## Aim of the task
From the line containing "Gold Sequins With" to the last line of the listing, both included, copy every line exactly and drop the pictures.

## Information supplied
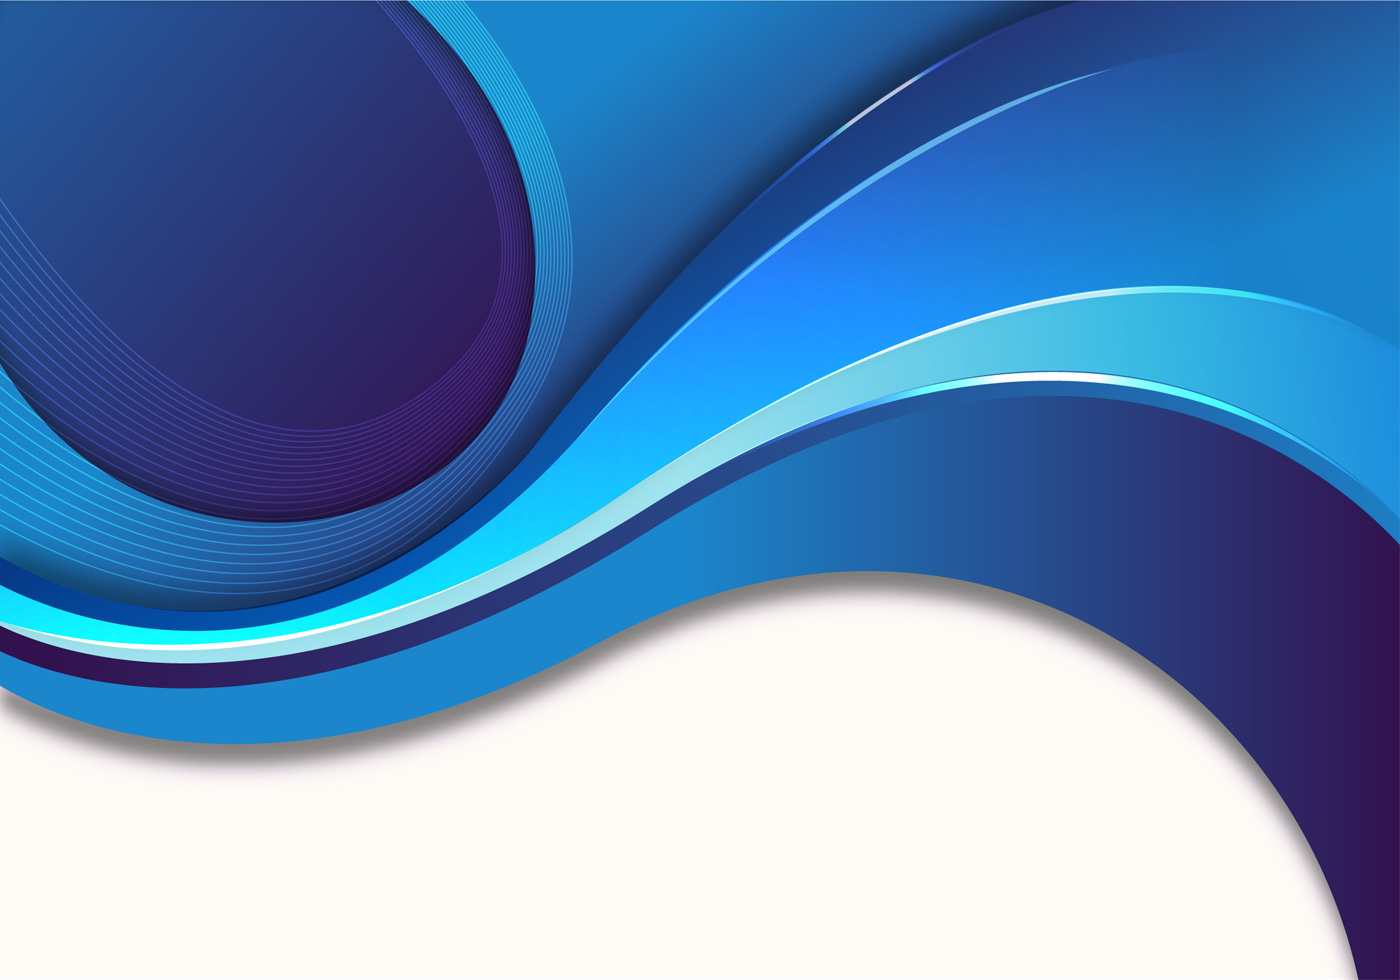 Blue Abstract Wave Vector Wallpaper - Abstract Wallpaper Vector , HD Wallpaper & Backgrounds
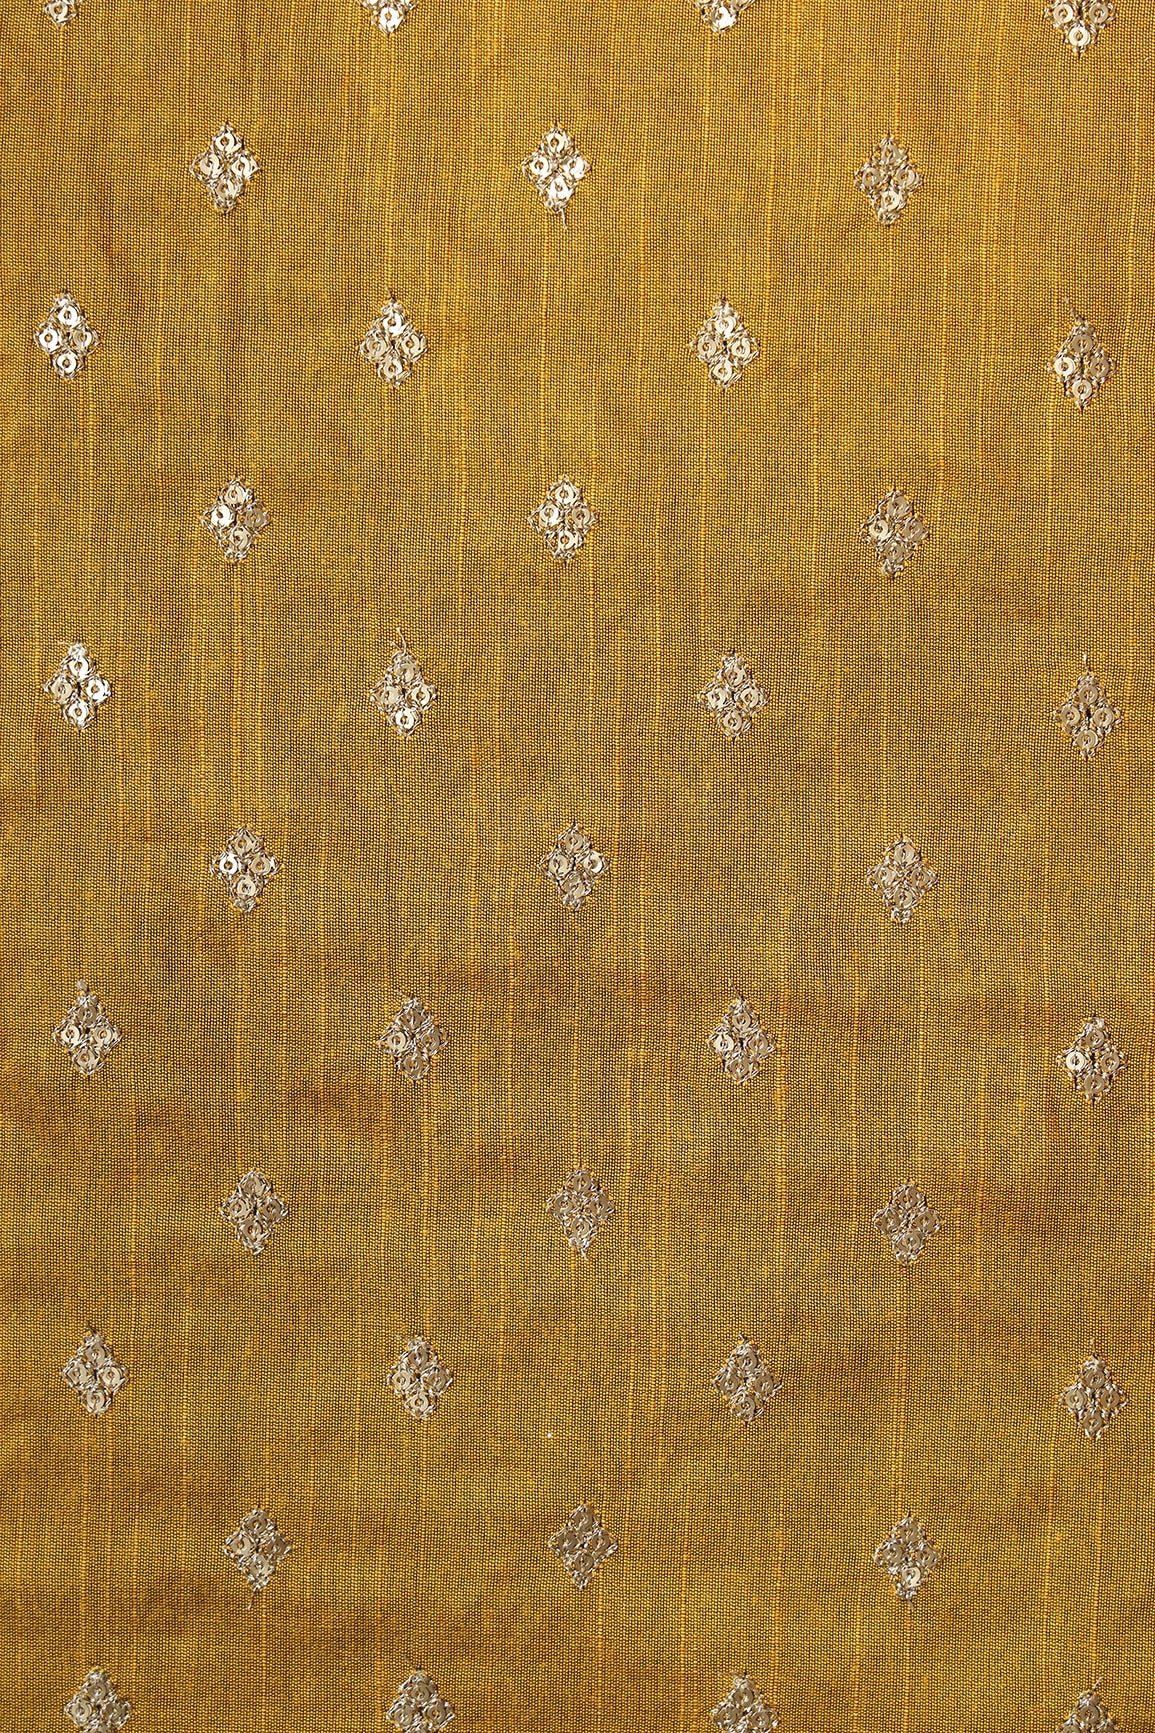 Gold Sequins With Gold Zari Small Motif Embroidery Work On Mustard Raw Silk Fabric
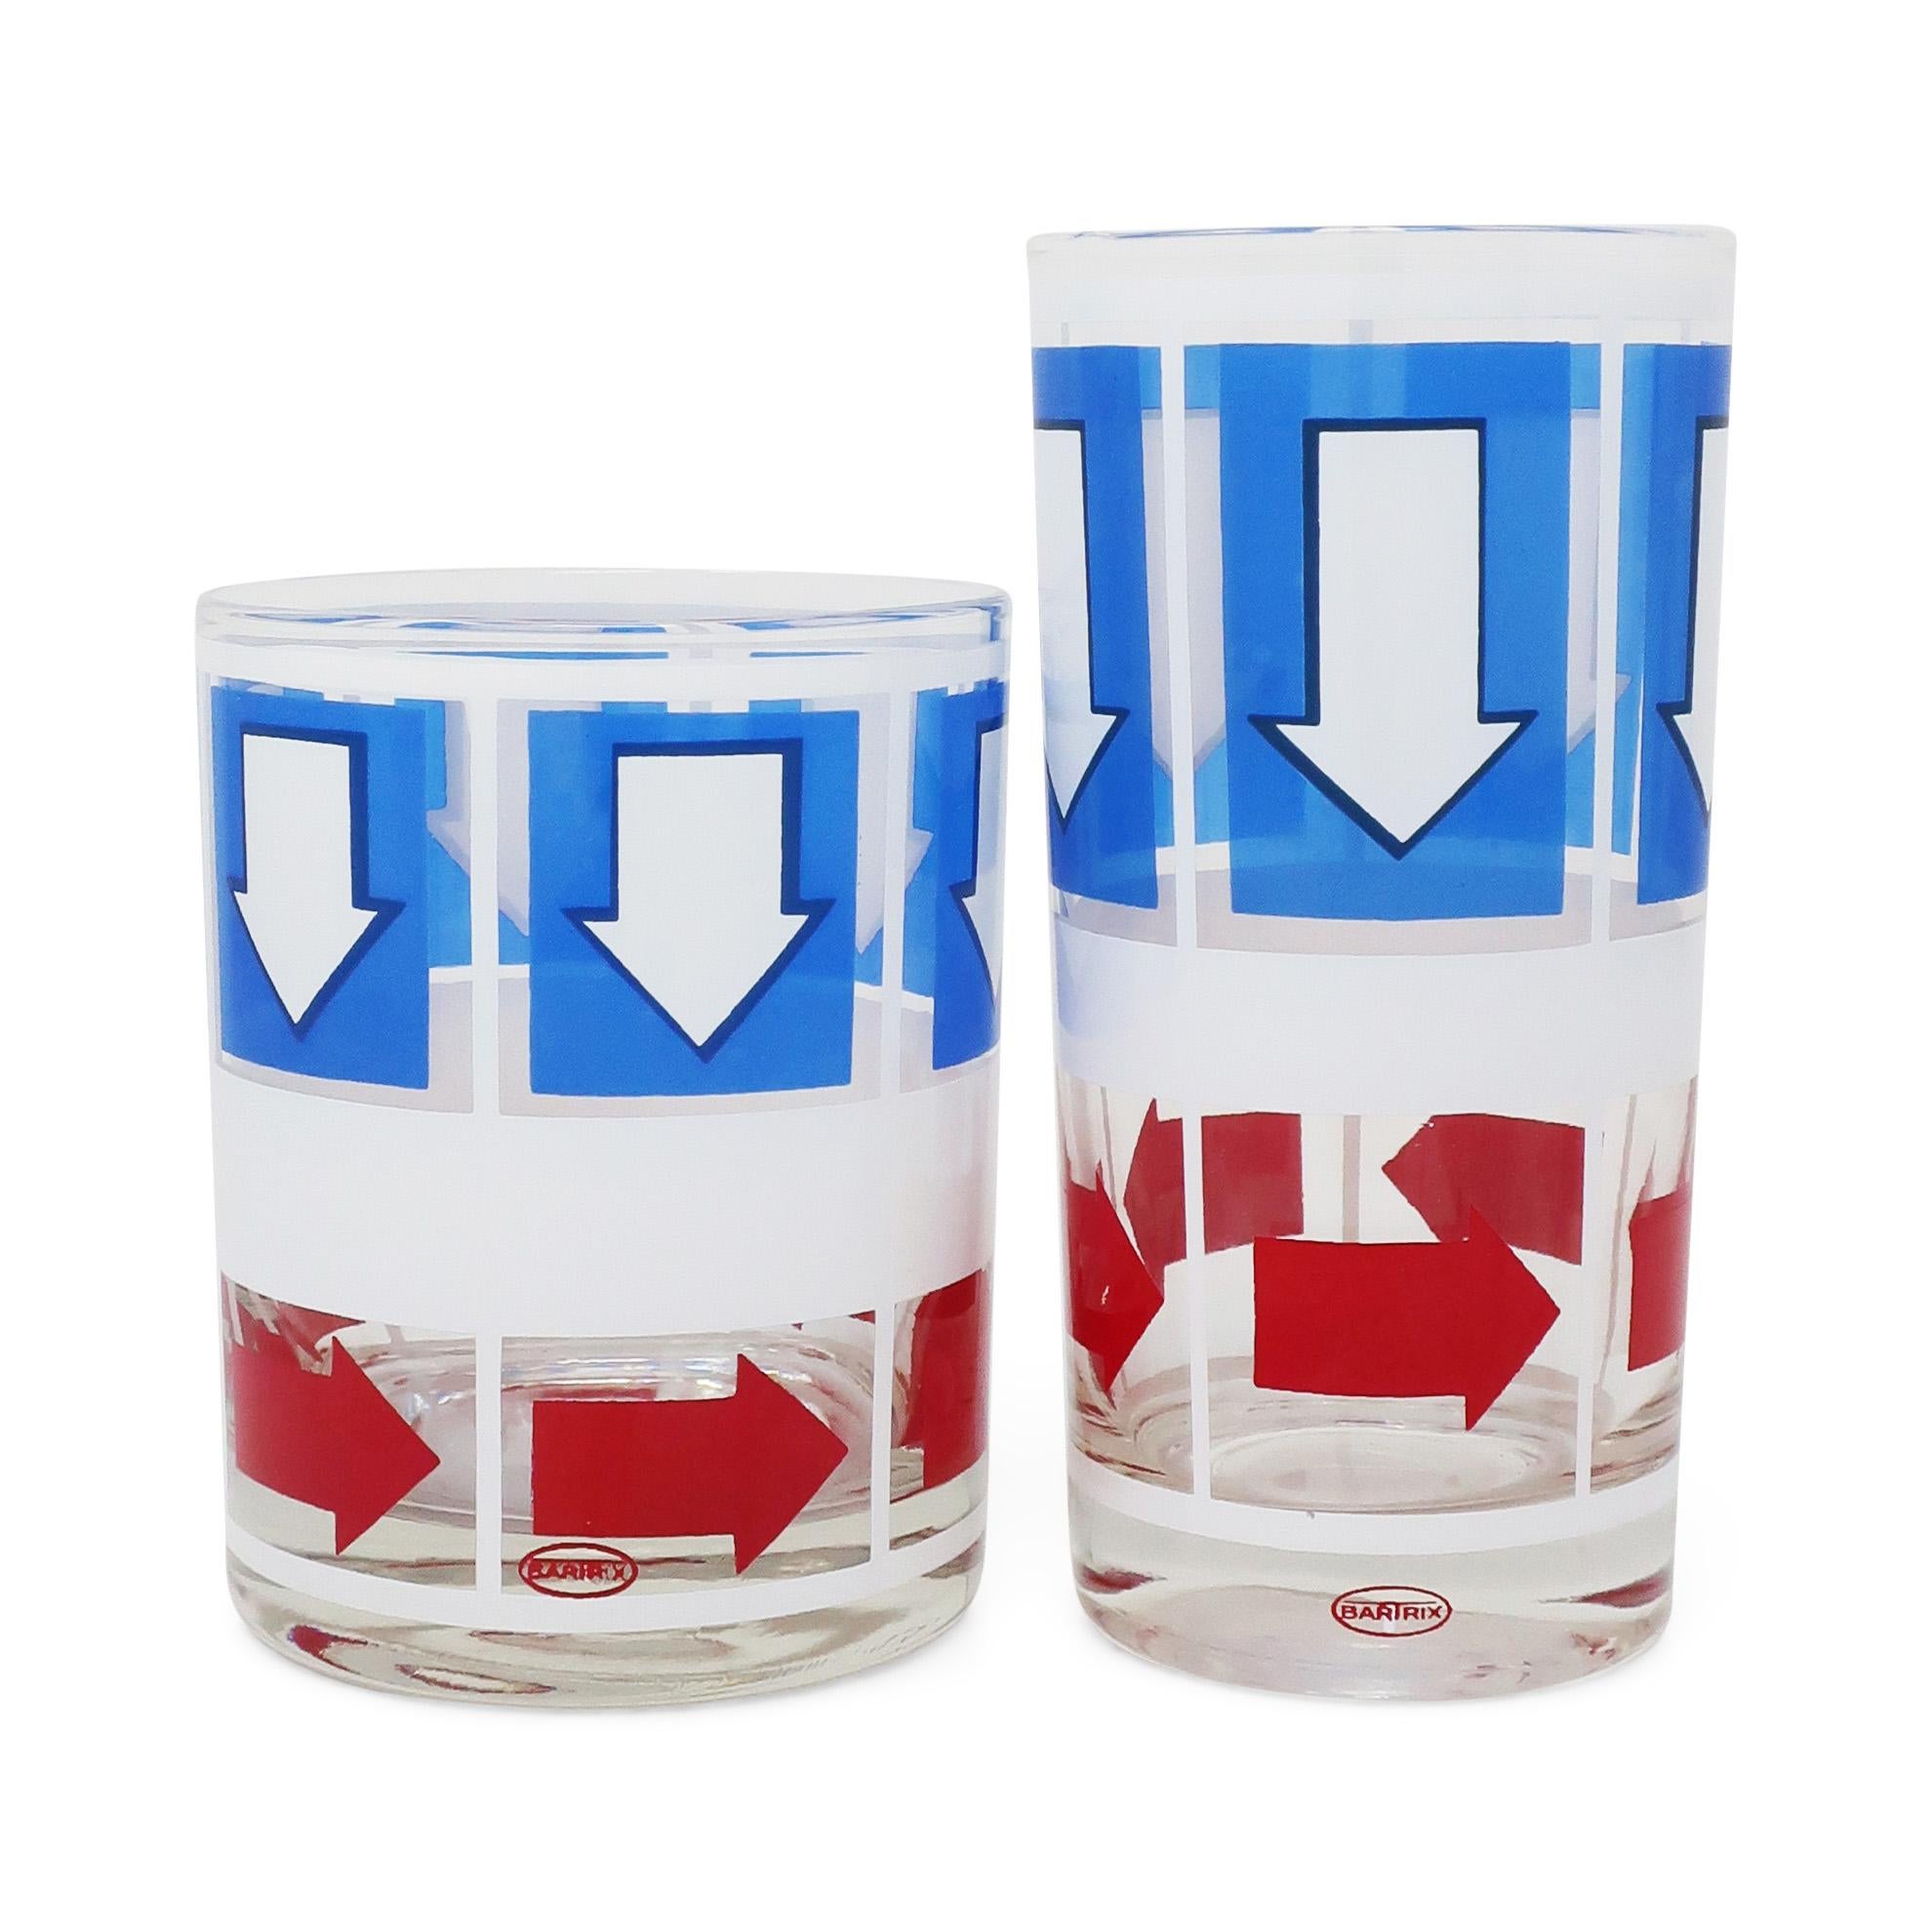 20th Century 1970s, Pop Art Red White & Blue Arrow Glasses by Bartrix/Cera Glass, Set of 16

## Written reply
 Gold Sequins With Gold Zari Small Motif Embroidery Work On Mustard Raw Silk Fabric
 20th Century 1970s, Pop Art Red White & Blue Arrow Glasses by Bartrix/Cera Glass, Set of 16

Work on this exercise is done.